Currently the WikibaseQualityConstraints stores data in a memcached cache, but there is no guarantee of how long that data will remain as it can be evicted.
In order to make data more persistent we want to store it in it's own sql DB table.
The schema could probably be something like ( entityId, timestampLastUpdated, blob ).
TBA how much data will this currently add to the wikidatawiki DB?
TBA Can we use Cassandra for the actual blob storage? just keeping the index of entities and dates in sql?
What will this allow
- The query service wants to be able to find constraint violations (T192565), so all entities will have to have constraint checks run (T201150) in order to have a complete set of data. There is no point in running the constraint check multiple times (if it drops out of the cache) hence the DB table.

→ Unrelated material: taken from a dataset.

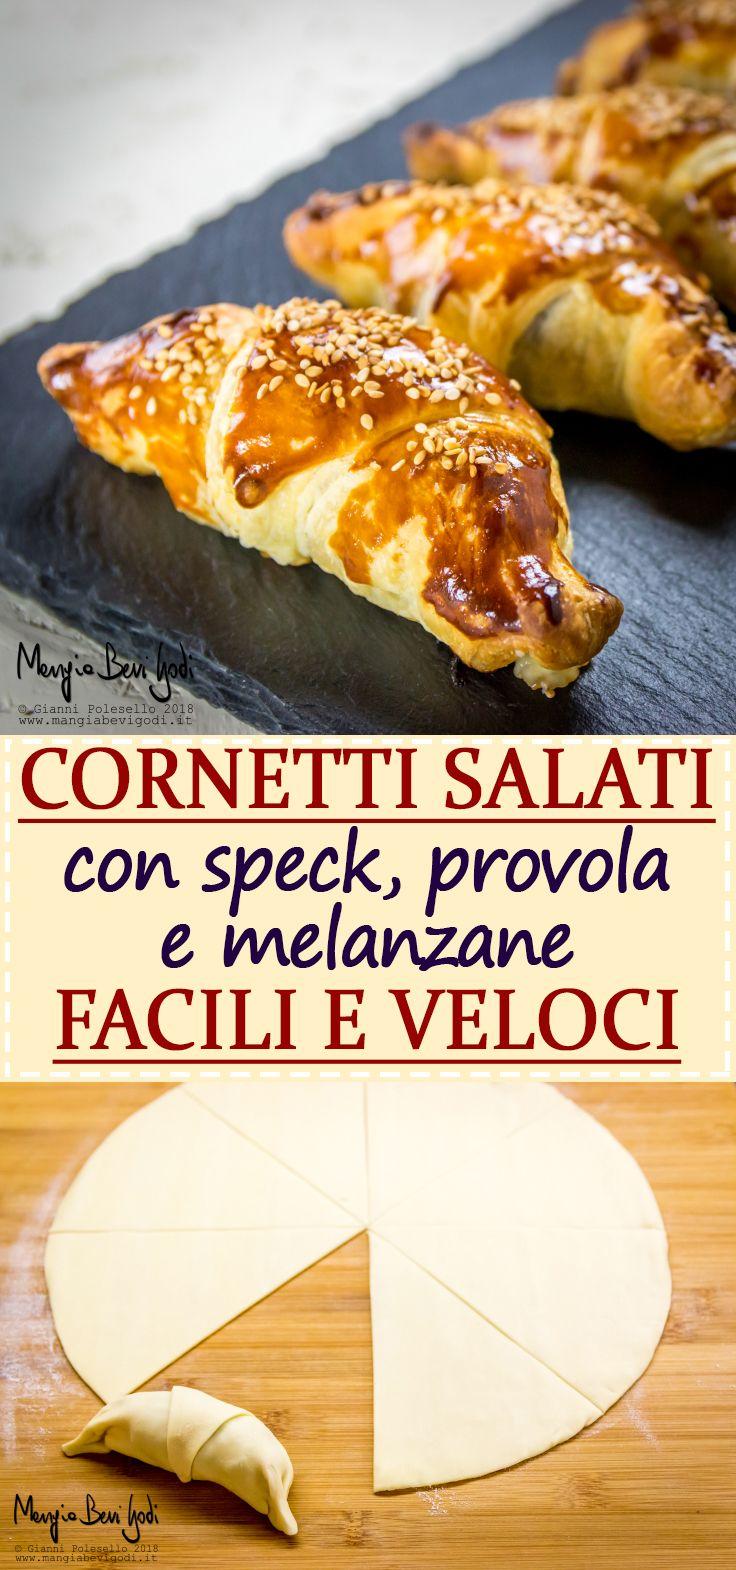 La ricetta dei cornetti salati con speck, provola e melanzane. Un finger food facile e veloce.

- This will allow dumps of all entity constraint checks which will enable easy reloading of data into a query service server without hitting the API a bunch.

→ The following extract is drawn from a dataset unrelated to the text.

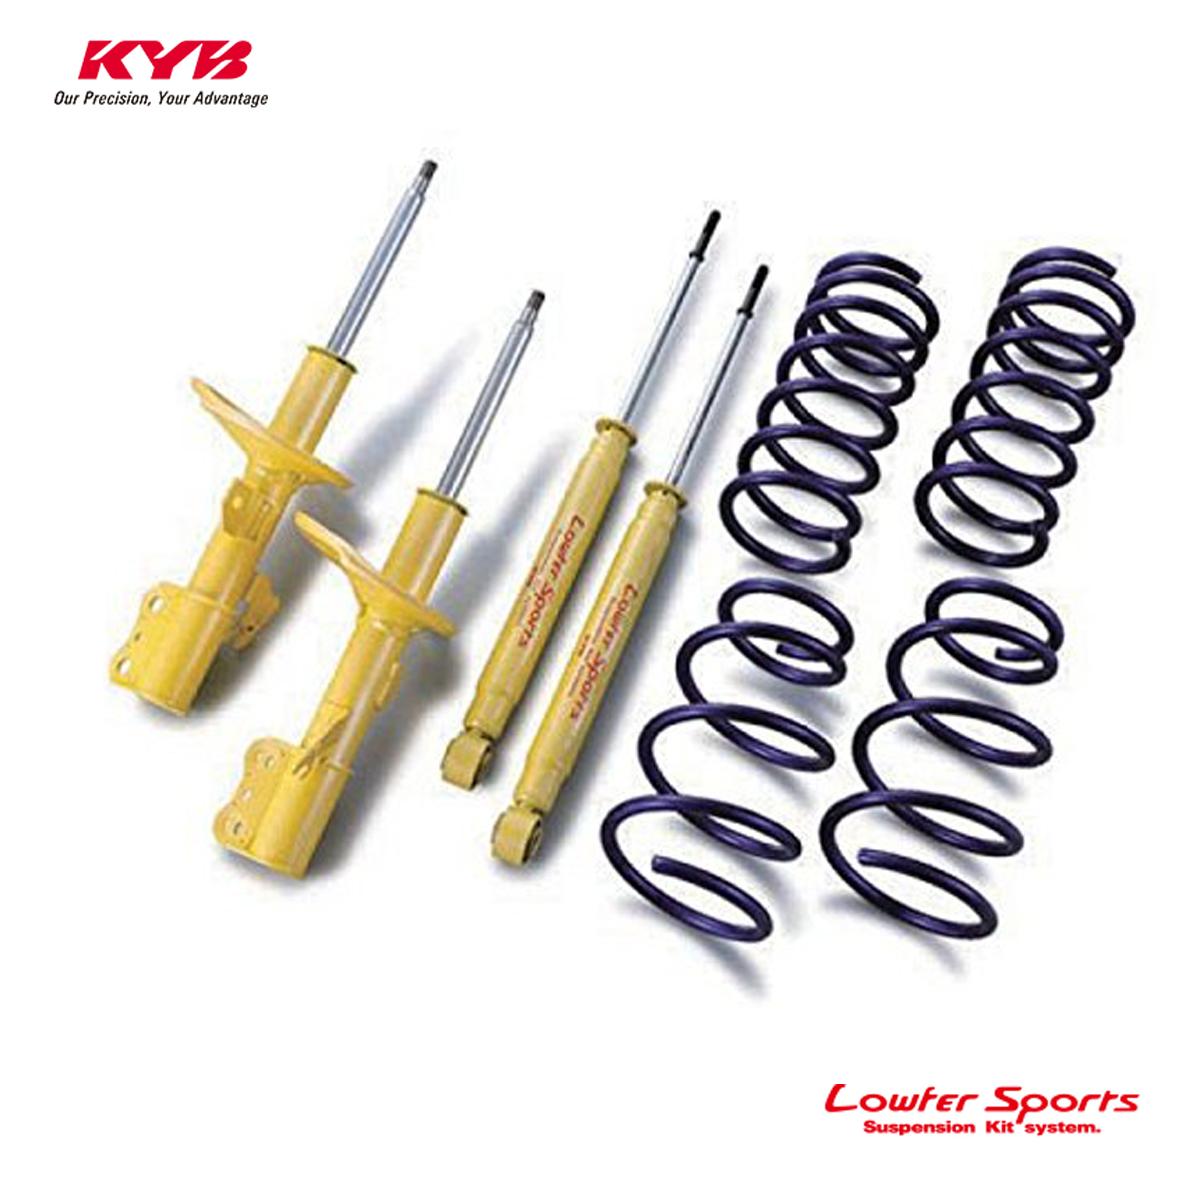 KYB カヤバ ekワゴン H81W ショックアブソーバー サスペンションキット Lowfer Sports LKIT-H81W 配送先条件有り

- The 'timestampLastUpdated' field will allow wikibase to inspect the oldest constraint check data and re run the checks for very old data points.
Acceptance Criteria
- Configuration switch to change between memcached storage and DB table storage (default to memcached)
- The DB table will have a primary key
- The DB schema should have DBA review once the sql is somewhere that they can see it (follow https://wikitech.wikimedia.org/wiki/Schema_changes#Advice_on_schema_changes)